The main issue here is the terminology: they are using the same term, capsules, to two different concepts. The "real capsule" would be the entity to find (let's say, a horizontal line, or a circle, and in their case they have 32 entities), whereas the "instanciation/output of the capsule" is the resulting "vector" at the different positions telling whether such entity exits or not. And, for that, we need to use the same weights W to all vectors in the 6x6 grid from the same "capsule".
What does the code above do? It does NOT share weights, therefore the entities at the different spatial points could be completely different. The implementation above is NOT wrong per se, it simply does not consider the concept of looking for the same entity at different spatial points.
There is another missing thing, which I noticed in Sabour's github: they add a bias term. In their case, their bias term in the DigitCaps would be of size 16x10.
b = tf.zeros(shape=[tf.shape(inputs_hat)[0], self.num_capsule, self.input_num_capsule, 1, 1]) some wrong happened. NotImplementedError: Cannot convert a symbolic Tensor (digitcaps/strided_slice:0) to a numpy array.

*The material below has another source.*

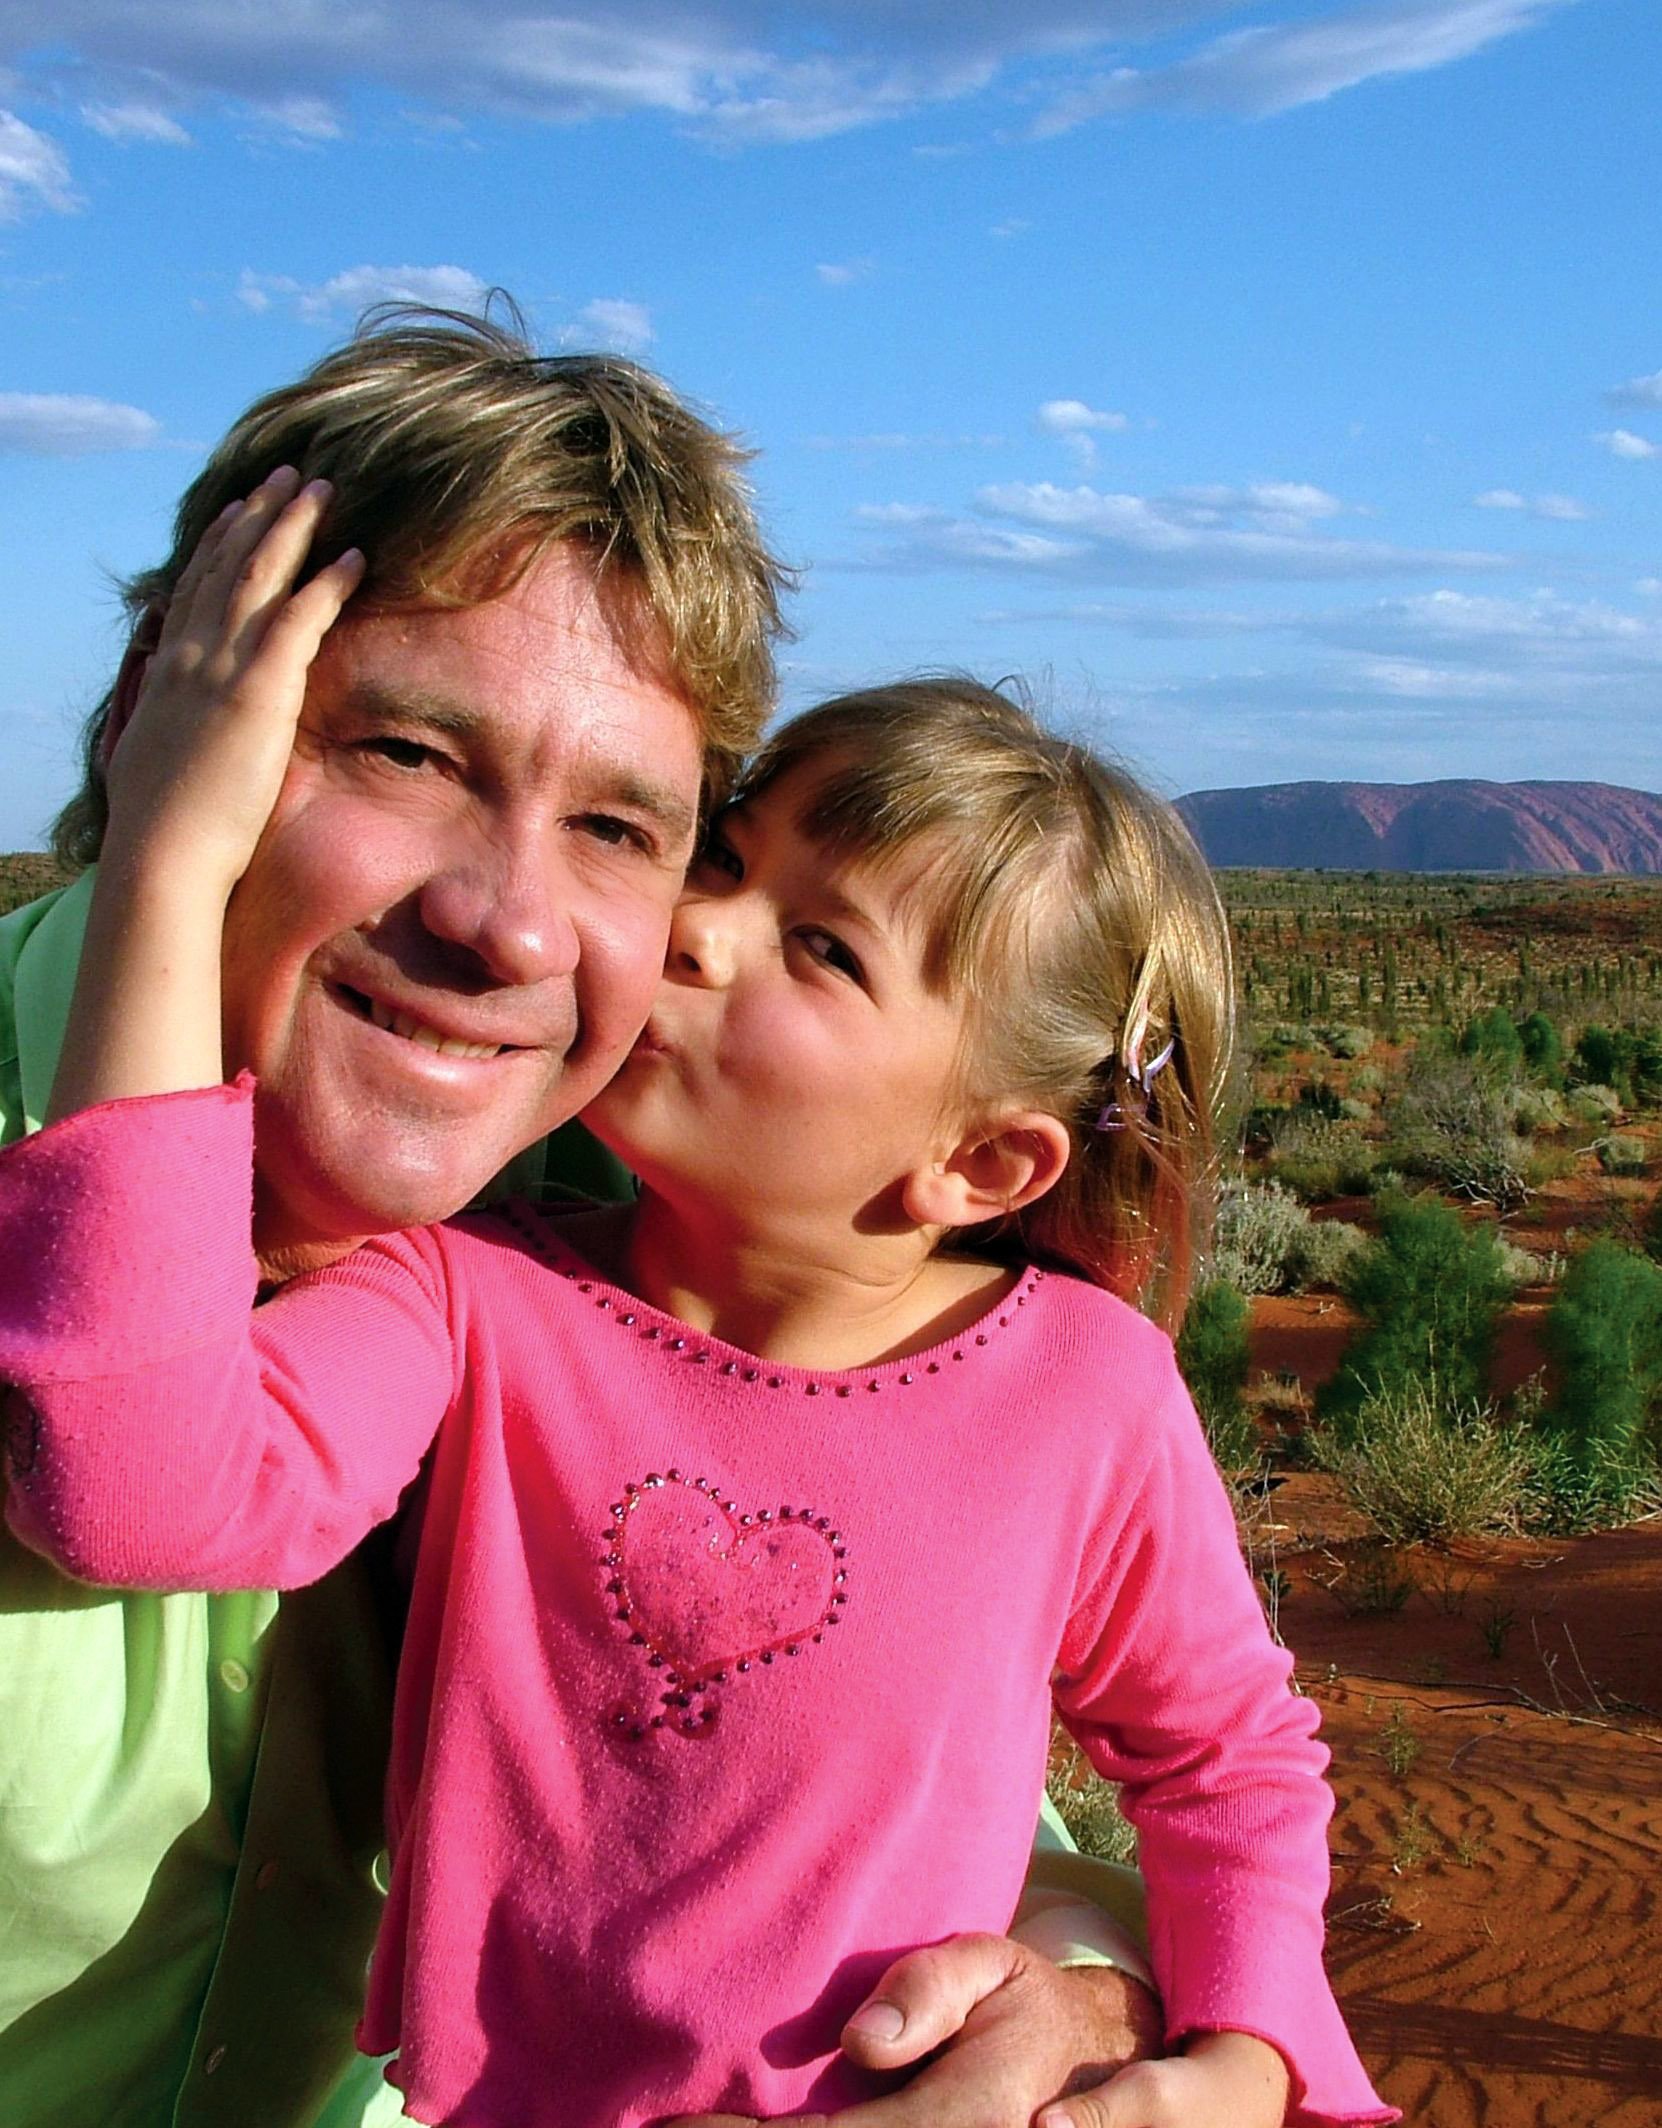  Steve Irwin poses with his daughter Bindi Irwin on October 2, 2006, in Uluru, Australia. | Source: Getty Images.
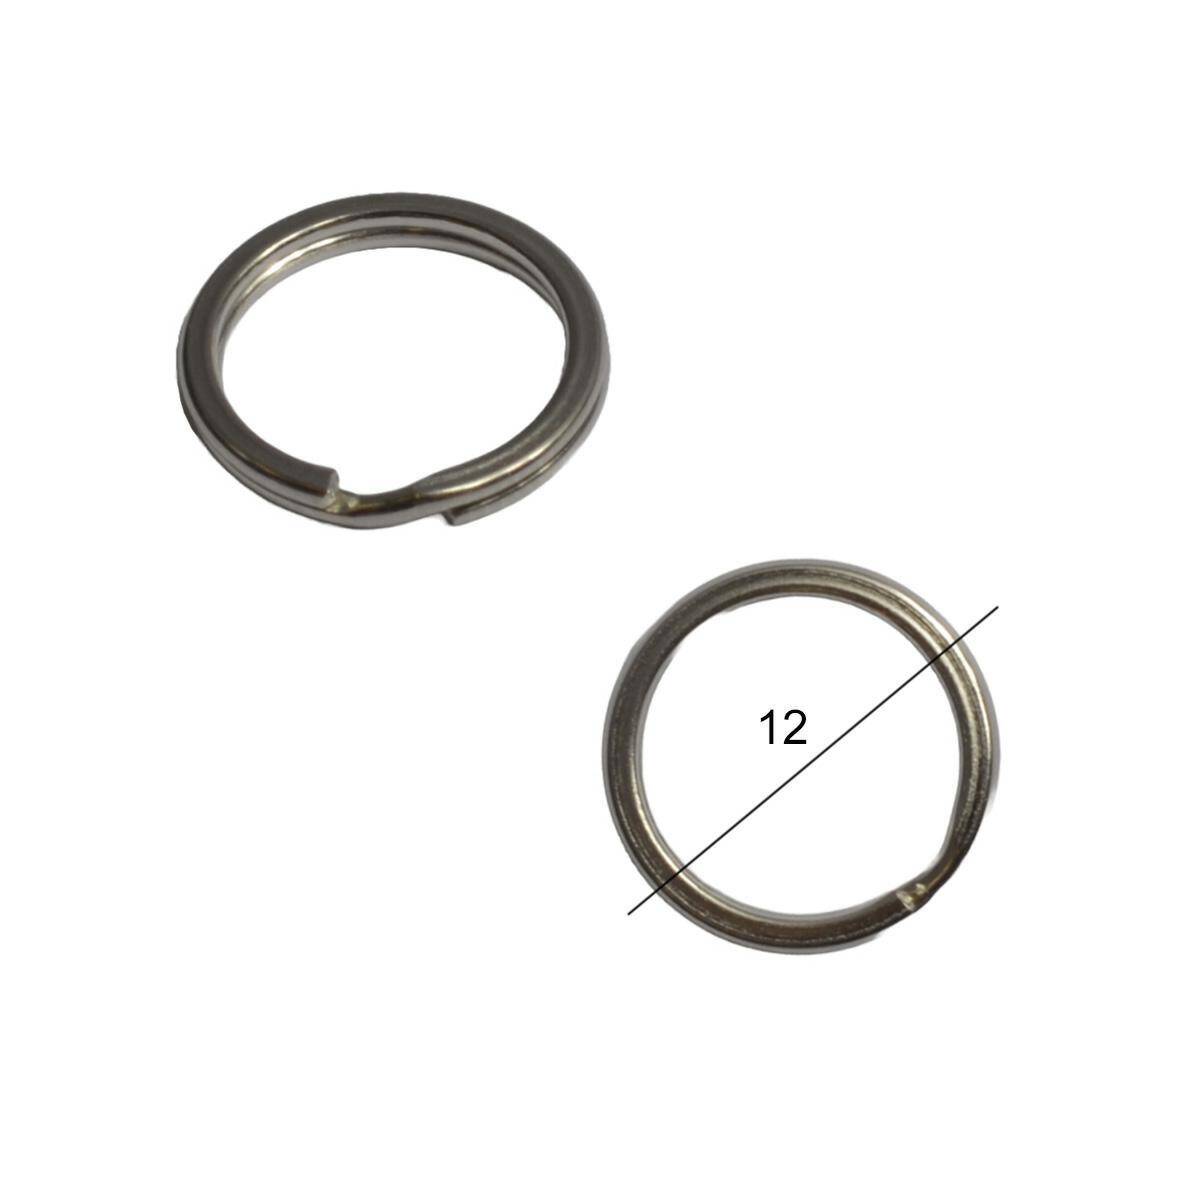 Key rings - flat - 12 mm

UPDATE: While the changes I indicated above works well, I later realized that this implementation of CapsNets has a "big issue": it is not implemented as the original authors designed it.
Sabour et al.'s paper ('Dynamic Routing between Capsules') said (page 4): "In total PrimaryCapsules has [32x6x6] capsule outputs (each output is an 8D vector) and each capsule in the [6x6] grid is sharing their weights with each other." However, this seemed a contradiction to the caption in their Figure 1 saying: "_W_ij is a weight matrix between each u_i; i being (1; 32x6x6) in PrimaryCapsules and vj, j being (1; 10)."
I think there does NOT exist contradiction, only a misuse of word "weights" in the sentence "each capsule in the [6x6] grid is sharing their weights with each other_.". The word "weights" here means the convolution kernel weights, not the weight matrix W_ij in equation (2) (page 2). They never use "weights" to refer to W_ij, instead they use "weight matrix" in the paper. The author also use "weights" to refer to the convolution kernel weight in paragraph 3 in page 2.
The toal paragraph in page 3 and page 4 is as follows: "The second layer (PrimaryCapsules) is a convolutional capsule layer with 32 channels of convolutional 8D capsules (i.e. each primary capsule contains 8 convolutional units with a 9 9 kernel and a stride of 2). Each primary capsule output sees the outputs of all 25681 Conv1 units whose receptive fields overlap with the location of the center of the capsule. In total PrimaryCapsules has [32; 6; 6] capsule outputs (each output is an 8D vector) and each capsule in the [6; 6] grid is sharing their weights with each other. One can see PrimaryCapsules as a Convolution layer with Eq. 1 as its block non-linearity. The final Layer (DigitCaps) has one 16D capsule per digit class and each of these capsules receives input from all the capsules in the layer below."
In this paragraph, the author just only talk about convolution.
@jpviguerasguillen YOU SAVED MY LIFE
Hey guys, Tried the above but get an as following:
TypeError: ('Keyword argument not understood:', 'share_weights')
I have updated the code for tensorflow 2.x with integrated Keras. It is supposed it should all work the same. I am running it in Google Colab. I have the following problem:
In CapsuleLayer, once the input x is expanded and tiled, it is multiplied with the weight matrix W. I have added some print(x.shape) and I get:
However, it is expected: inputs_hat.shape = [None, 10, 1152, 16]
Subsequently, I get this error for the next batch_dot (but this is expected, as inputs_hat is already wrong:
I have tried to expand x with a last dimention, i.e. to (None, 10, 1152, 8, 1), but surprisingly this gives:
I don't understand why 1152 is replicated in this matmul! This matrix multiplication should be easy!